Ntvnews.id, Jakarta - Adopsi kendaraan listrik (electric vehicle/EV) terkadang mengalami fluktuasi, namun loyalitas pengguna mobil listrik tetap stabil setelah mereka beralih.
Mengutip Carscoops, Selasa, 17 Desember 2024, sebuah studi terbaru mengungkapkan, 92 persen responden tidak akan kembali menggunakan mobil bermesin pembakaran internal (internal combustion engine/ICE).

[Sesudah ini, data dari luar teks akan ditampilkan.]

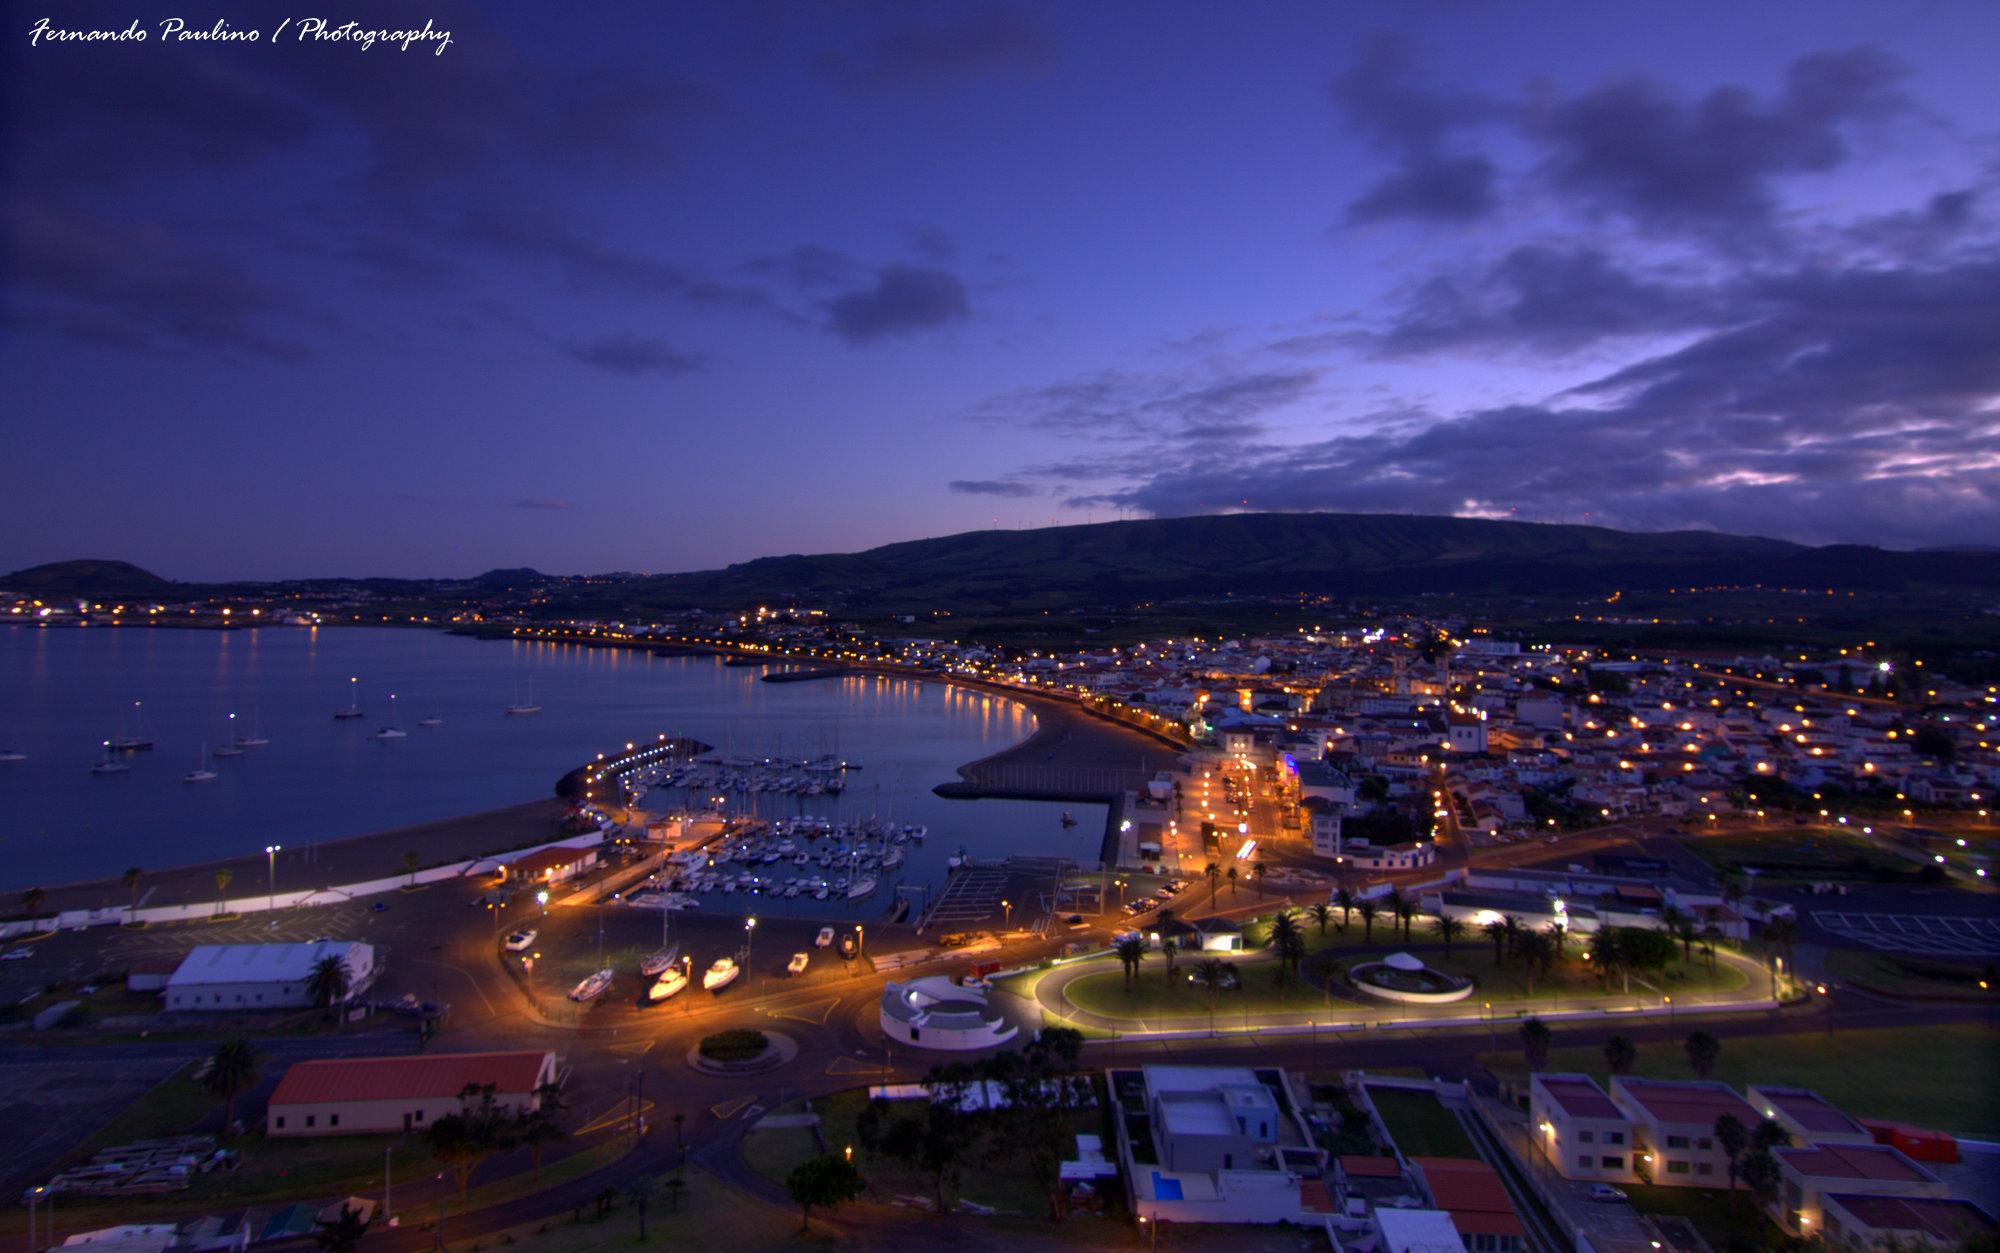 Ao cair da noite na Cidade da Praia , ilha Terceira .

Hanya 1 persen dari peserta studi yang menyatakan mereka kemungkinan besar akan kembali menggunakan kendaraan ICE. Sementara itu, 7 persen lainnya memilih kendaraan plug-in hybrid (PHEV), dan sisanya belum memutuskan.
Survei ini dilakukan oleh Global EV Alliance (via Bloomberg), yang mungkin memiliki pandangan yang pro-kendaraan listrik. Mereka menyatakan secara online, "Kami percaya mobilitas tanpa emisi sangat penting dalam memerangi perubahan iklim" dan "Tujuan kami adalah mengubah semua transportasi menjadi berkelanjutan, bersih, dan bertenaga listrik!"

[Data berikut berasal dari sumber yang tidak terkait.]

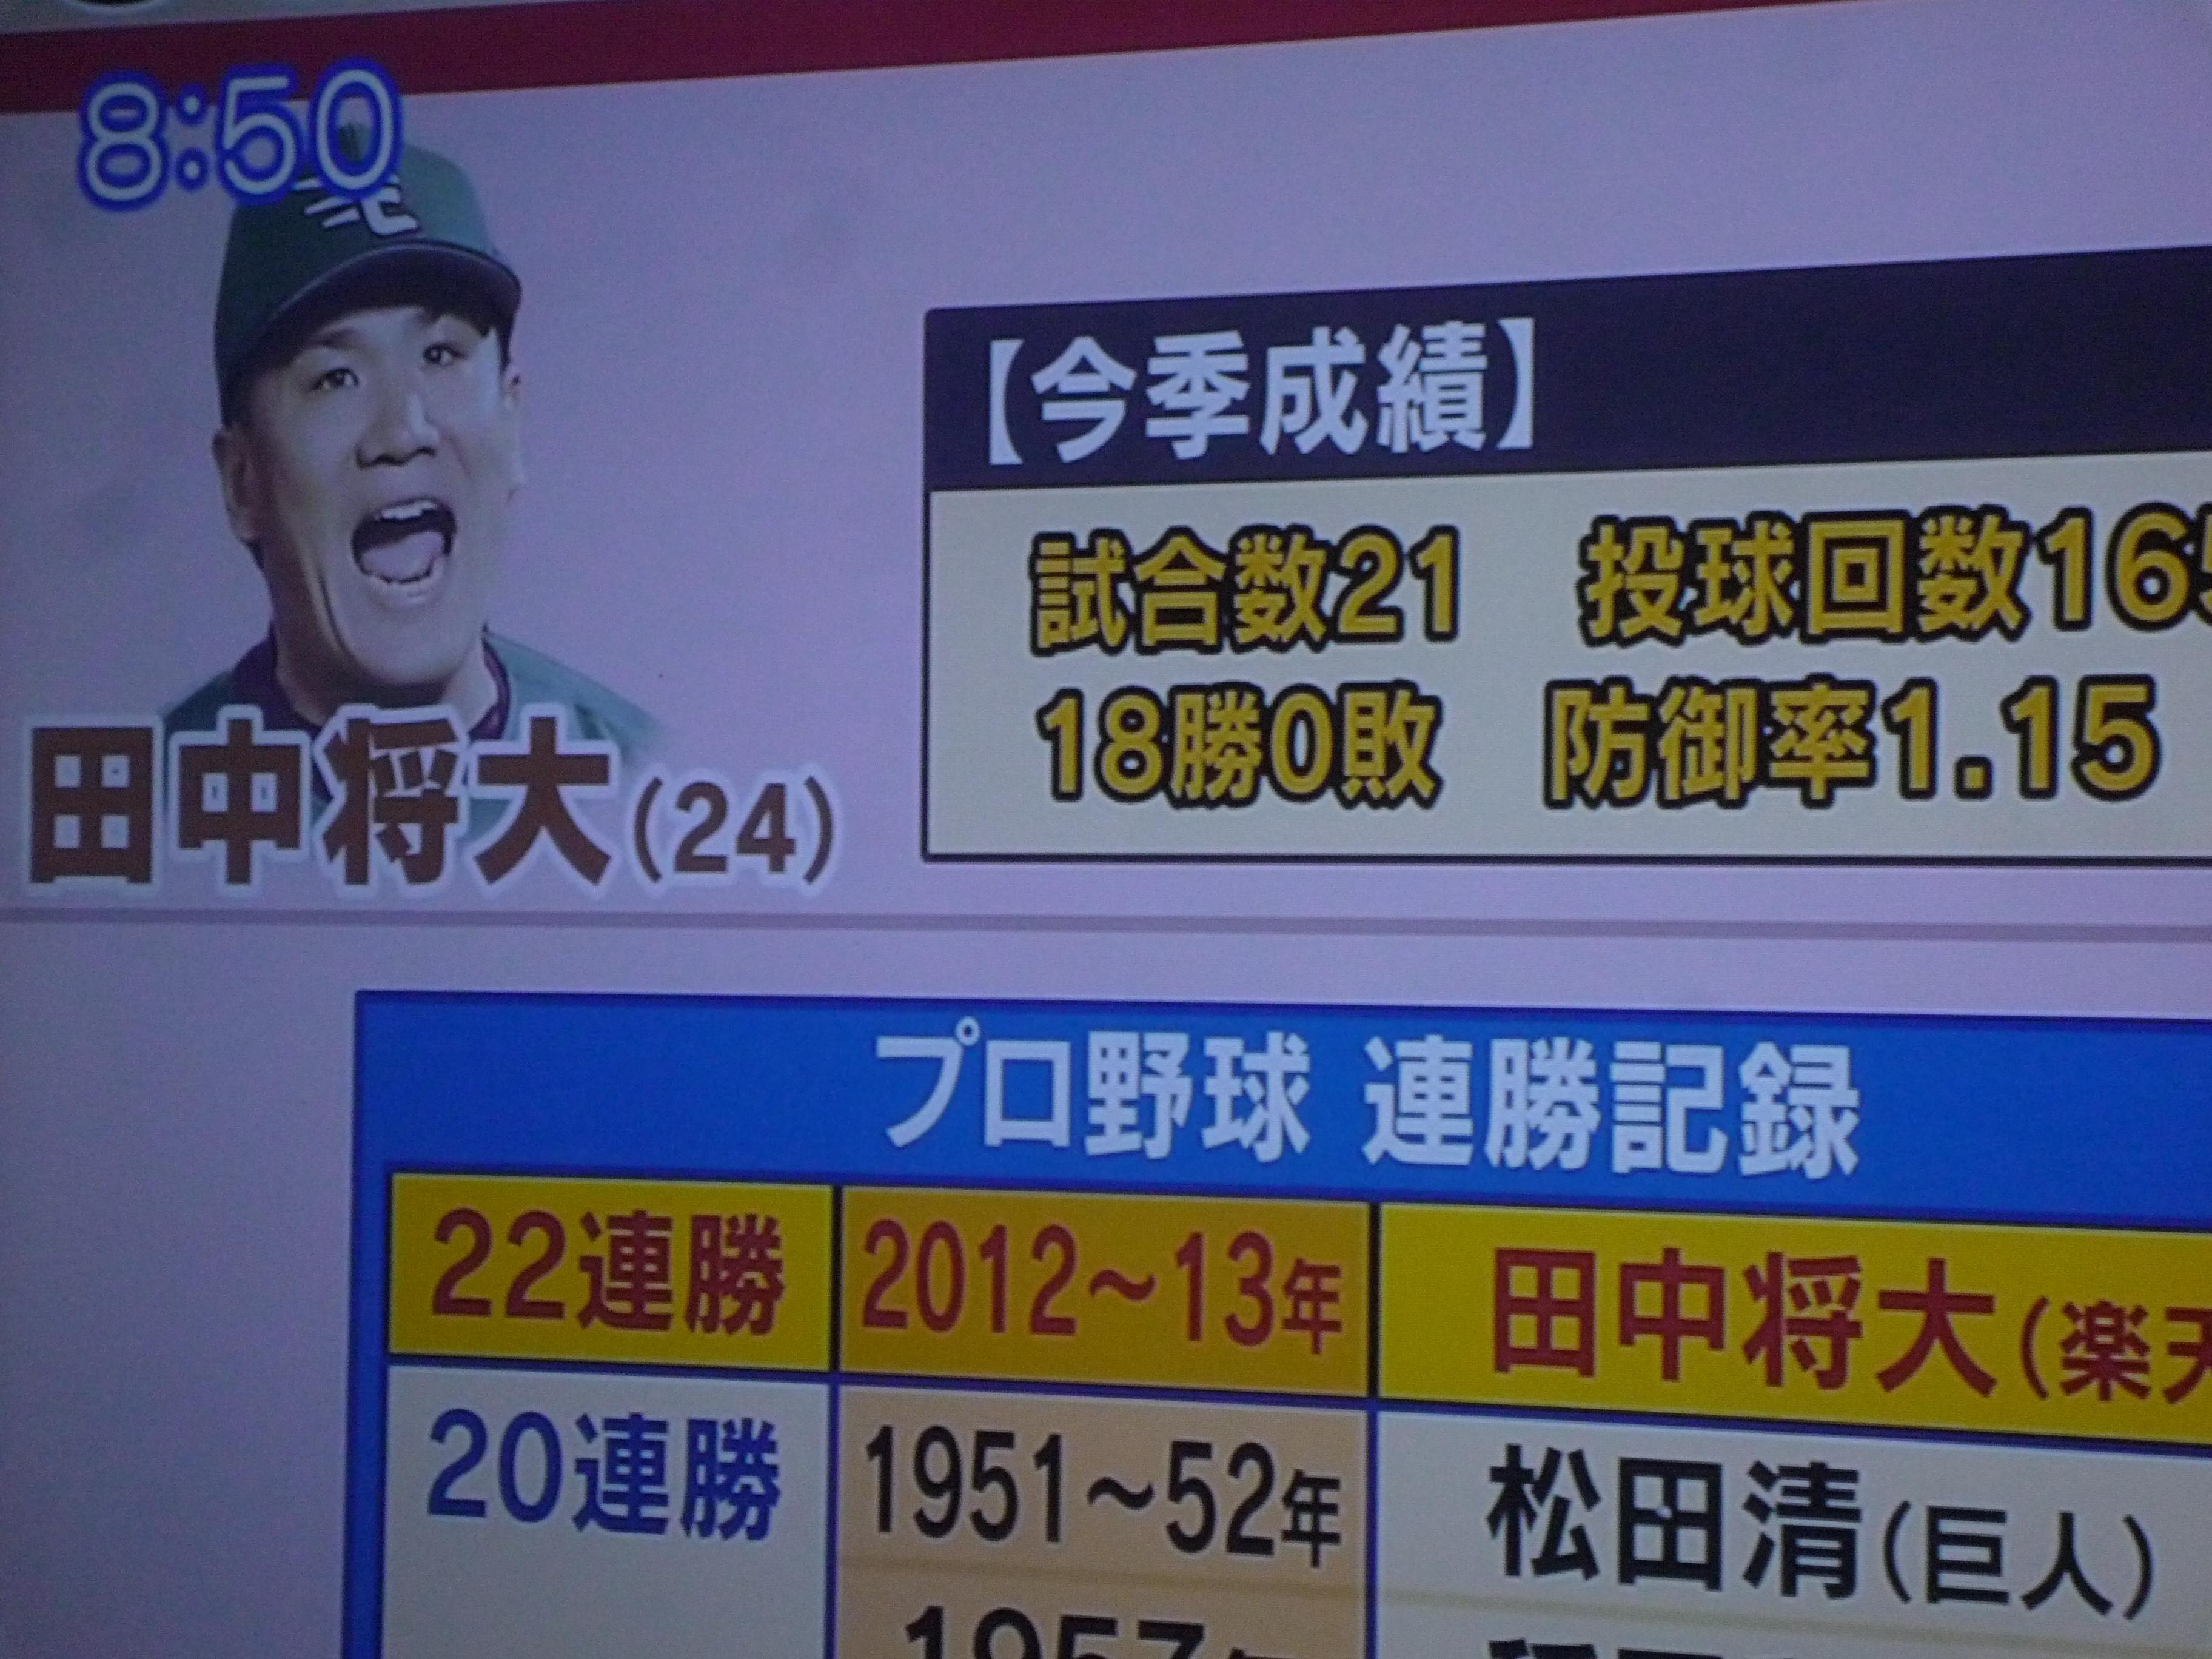 田中将大投手の連勝が凄い!

Studi ini mencakup lebih dari 23.000 responden dari 18 negara, termasuk Amerika Serikat (AS), Kanada, Austria, Brasil, Prancis, dan India.
Hasilnya juga memperhitungkan kontribusi setiap negara terhadap armada kendaraan listrik global, memberikan bobot lebih pada negara-negara seperti AS dibandingkan negara kecil seperti Swedia, meski tingkat adopsi kendaraan listrik di negara-negara kecil tersebut sangat tinggi.
Hasil survei menunjukkan hampir semua responden berencana untuk membeli kendaraan listrik selanjutnya, bukan hanya karena alasan lingkungan, tetapi juga karena biaya operasional yang lebih rendah dibandingkan mobil berbahan bakar bensin atau diesel (45 persen responden).
Daya tarik lainnya termasuk keramahan terhadap iklim (40 persen), kontribusi terhadap lingkungan lokal (32 persen), kenyamanan berkendara (21 persen), dan biaya perawatan yang lebih rendah (18 persen).
Secara keseluruhan, kendaraan listrik terbukti lebih murah untuk dimiliki, lebih nyaman dikendarai, dan lebih ramah di kantong saat mengisi daya dibandingkan kendaraan berbahan bakar fosil.
Namun, ada satu hambatan utama dalam adopsi kendaraan listrik, yakni infrastruktur pengisian daya, terutama pengisi daya cepat yang terbatas.
Studi ini menunjukkan masalah terbesar dalam menggunakan kendaraan listrik adalah kurangnya ketersediaan pengisi daya cepat, waktu pengisian yang lama, dan seringnya ketidaktersediaan stasiun pengisian daya.
Ini menjelaskan mengapa Tesla dengan jaringan supercharger-nya terus menjadi pilihan utama bagi pembeli kendaraan listrik.
"Ketika ditanya tentang kendala mengendarai kendaraan listrik, hasilnya menunjukkan bahwa kekurangan pengisi daya cepat, pengisian daya yang memakan waktu, dan seringnya stasiun pengisian daya mengalami gangguan adalah masalah utama," kata studi tersebut.
Masalah ini juga sangat terasa di AS, yang ternyata tidak berbeda dengan negara lain dalam hal ini.